Cromey Online

The writings of author, therapist, and priest Robert Warren Cromey.

Monday, January 05, 2015

HELEN, MY MOTHER

Helen Louise Reinemann Cromey
1912-1959
“HEY WARREN, HOW ABOUT ONE FOR THE OTHER LEG.”
My mother’s smile, warm, open and friendly, beamed from her eyes, as she demanded another drink of rum and coke from dad.  She stuck out her chubby leg, sitting on the dark green sofa, in her peach slip on a hot humid New York City evening after dinner. I used to threaten that I would carve that expression on her tombstone.

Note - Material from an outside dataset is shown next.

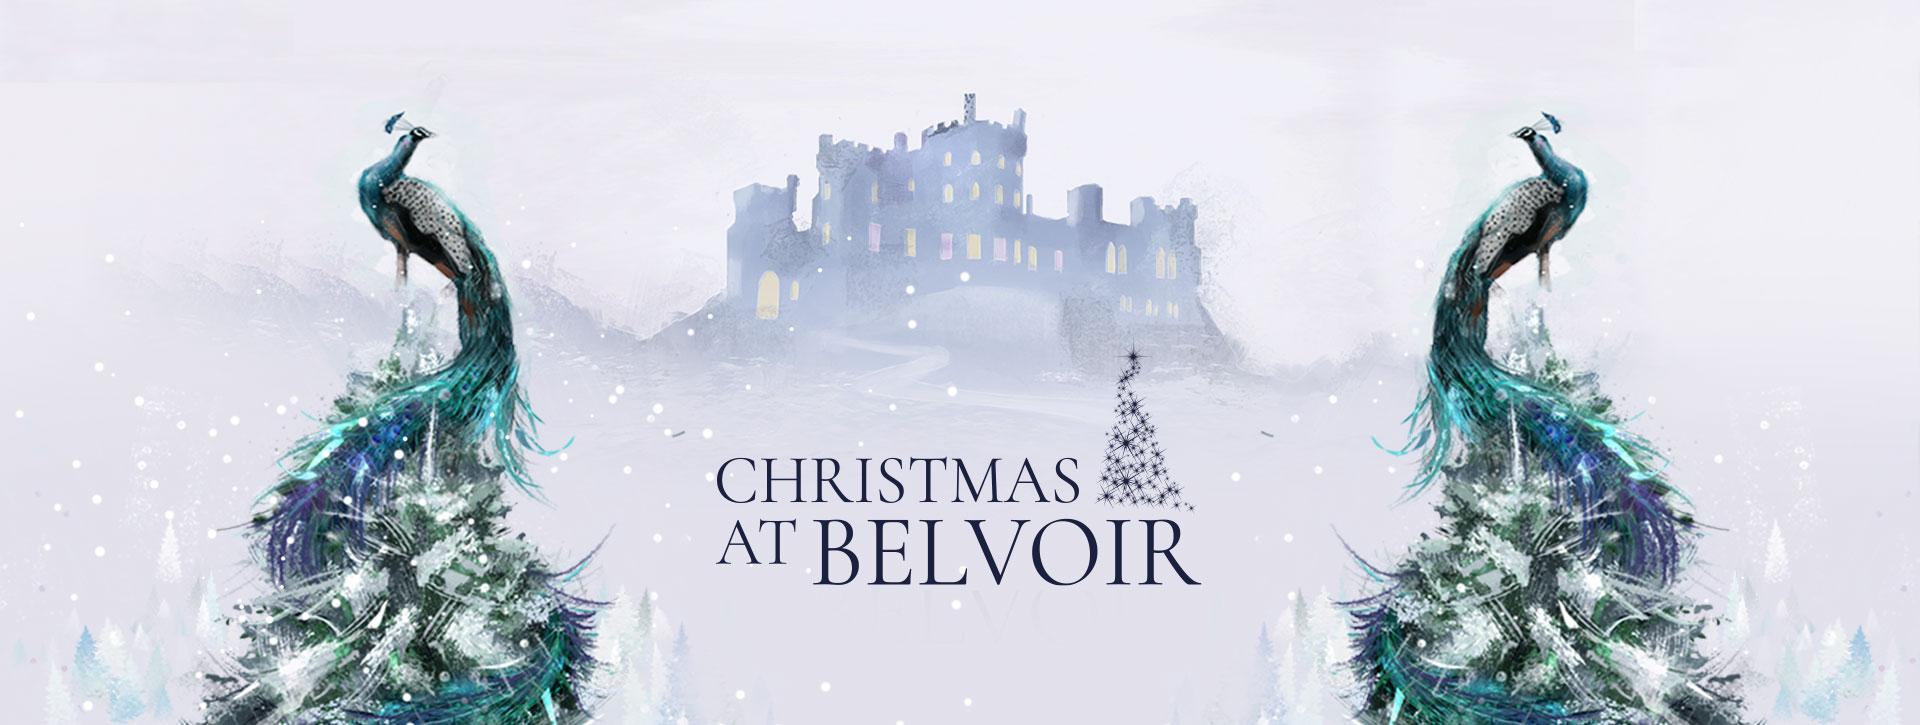 Christmas 2021 at Belvoir Castle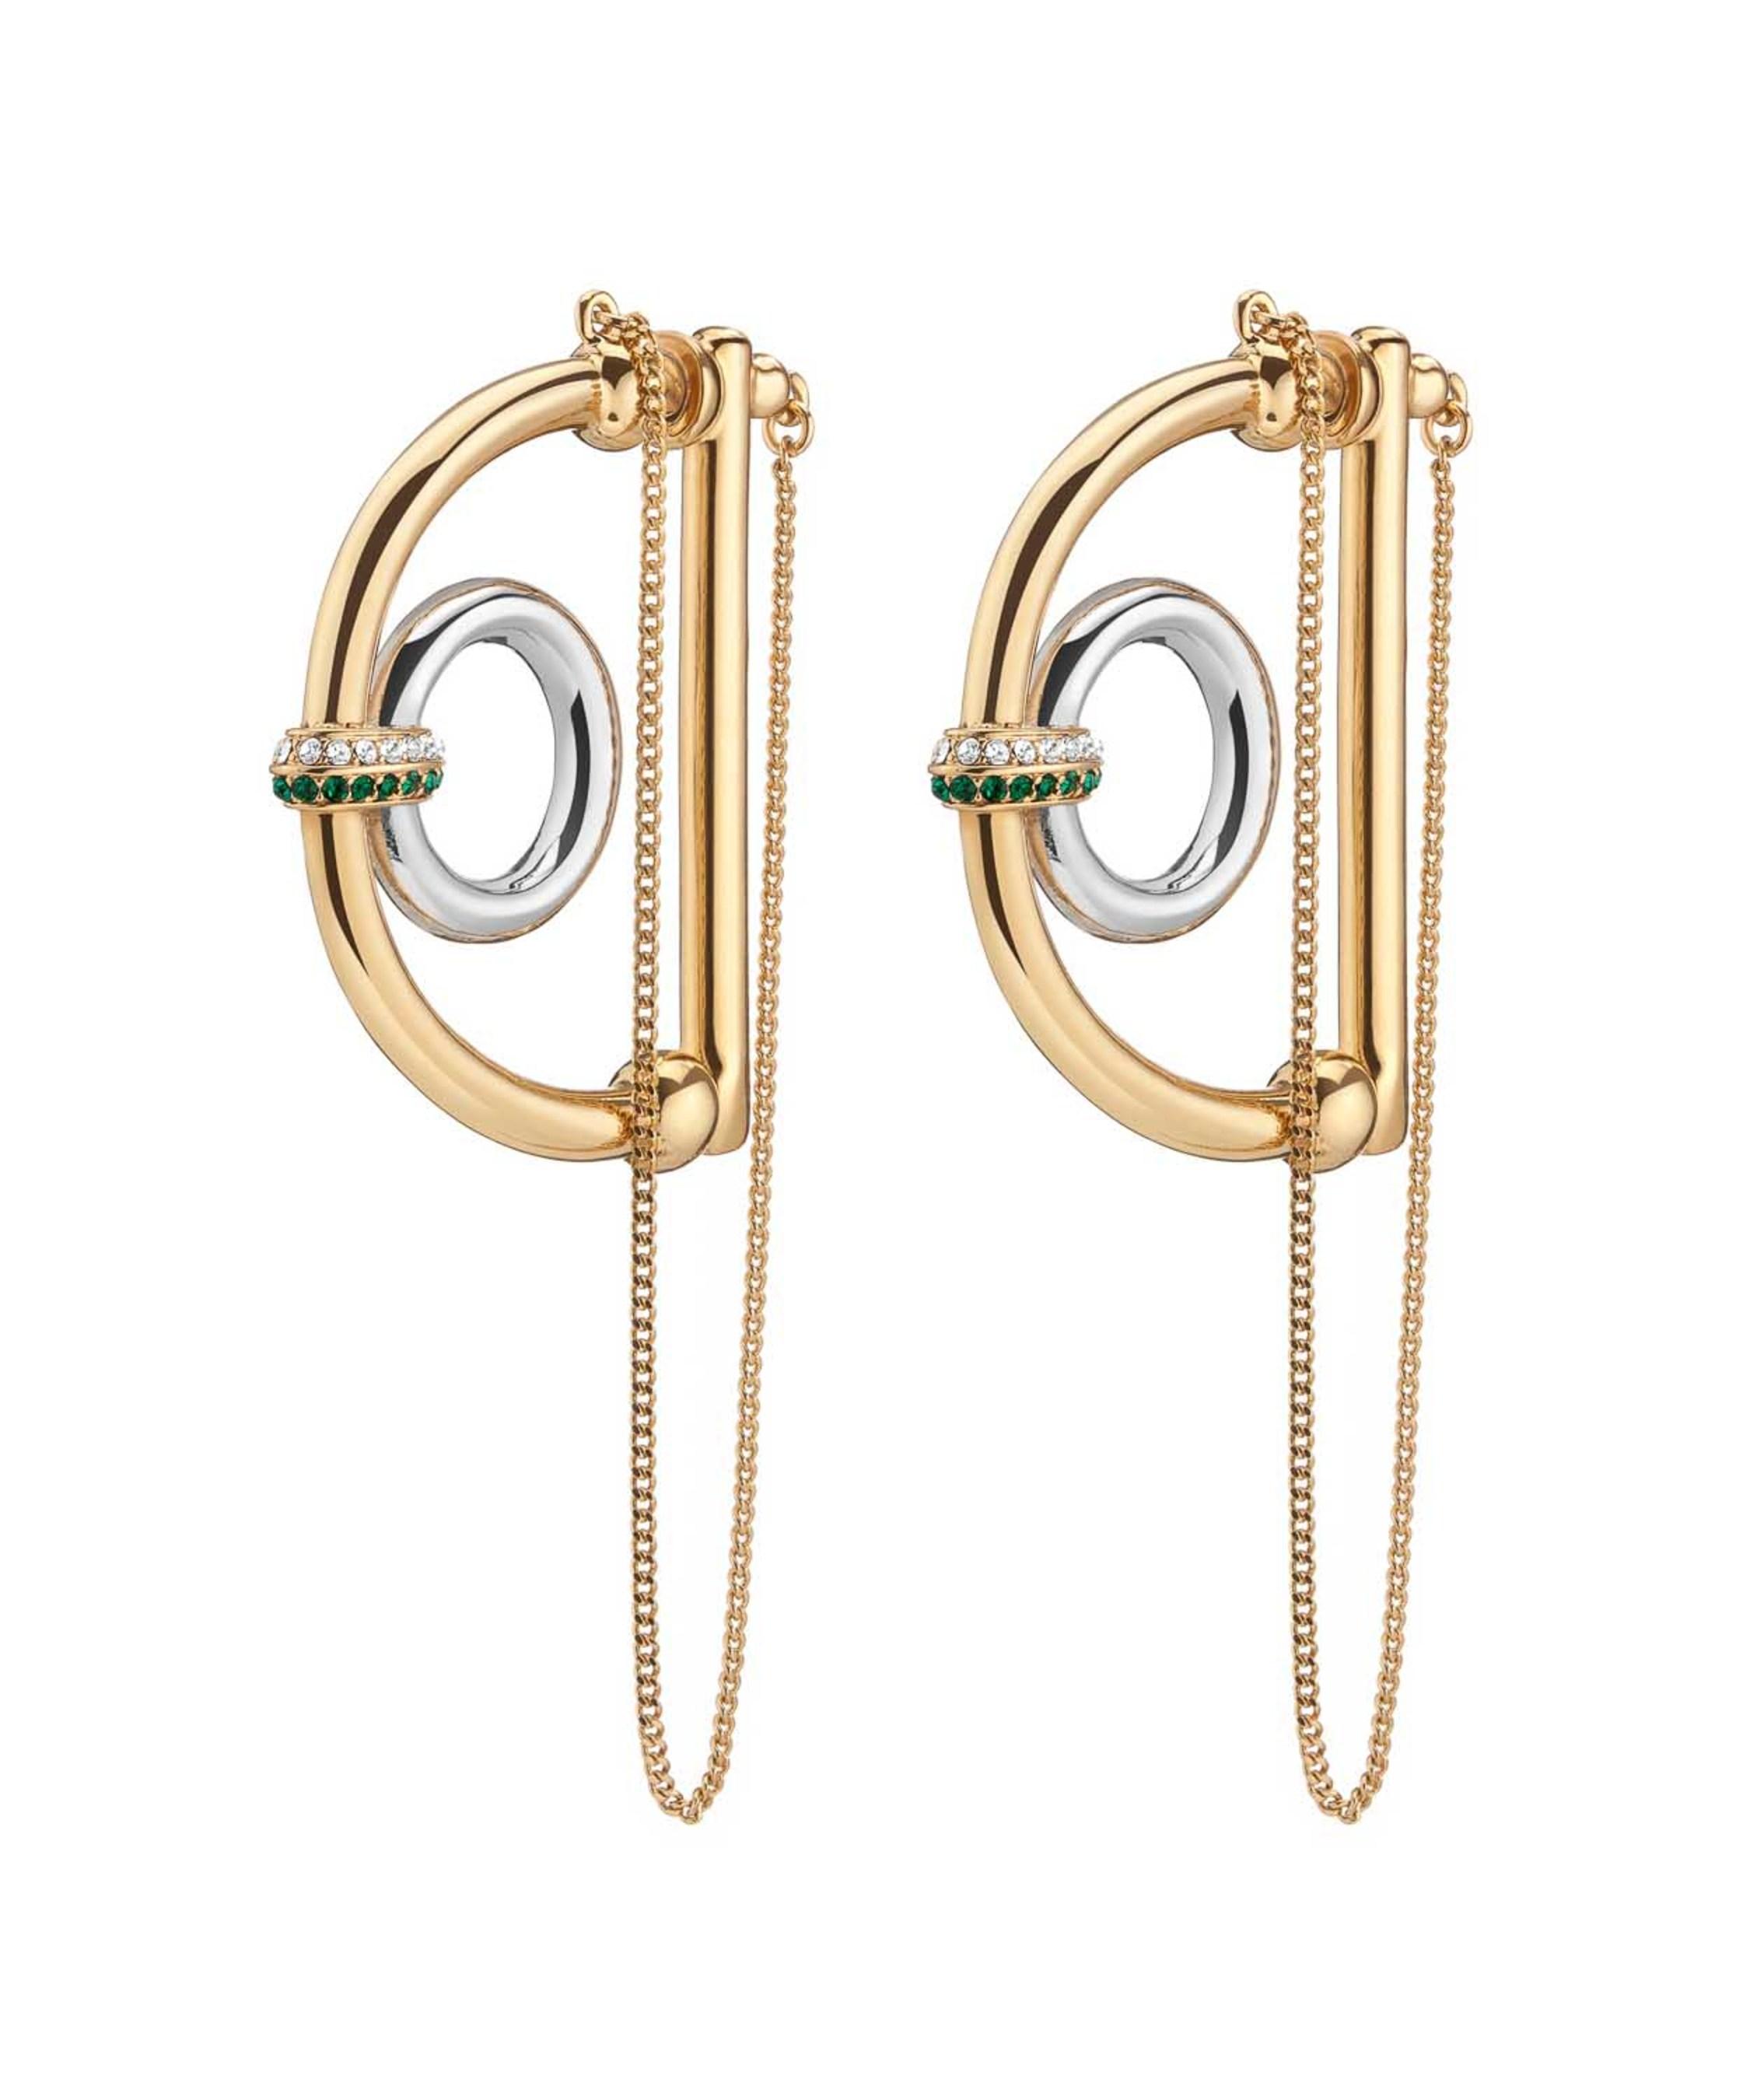 Dema D Hoop Earrings

She stood straight and five feet four inches tall. Always worried about her weight. She said, “I want to lose the weight from my legs, arms and tummy, but weight loss always shows in my face.” She had bright merry brown eyes and graying hair. She said she started going gray in her 30s.
Helen taught me social dancing. First was an awkward one-step, then later the simple fox-trot steps. She cajoled me and my big size 13 feet into some form a regular pattern to the point where I became a fairly smooth dancer.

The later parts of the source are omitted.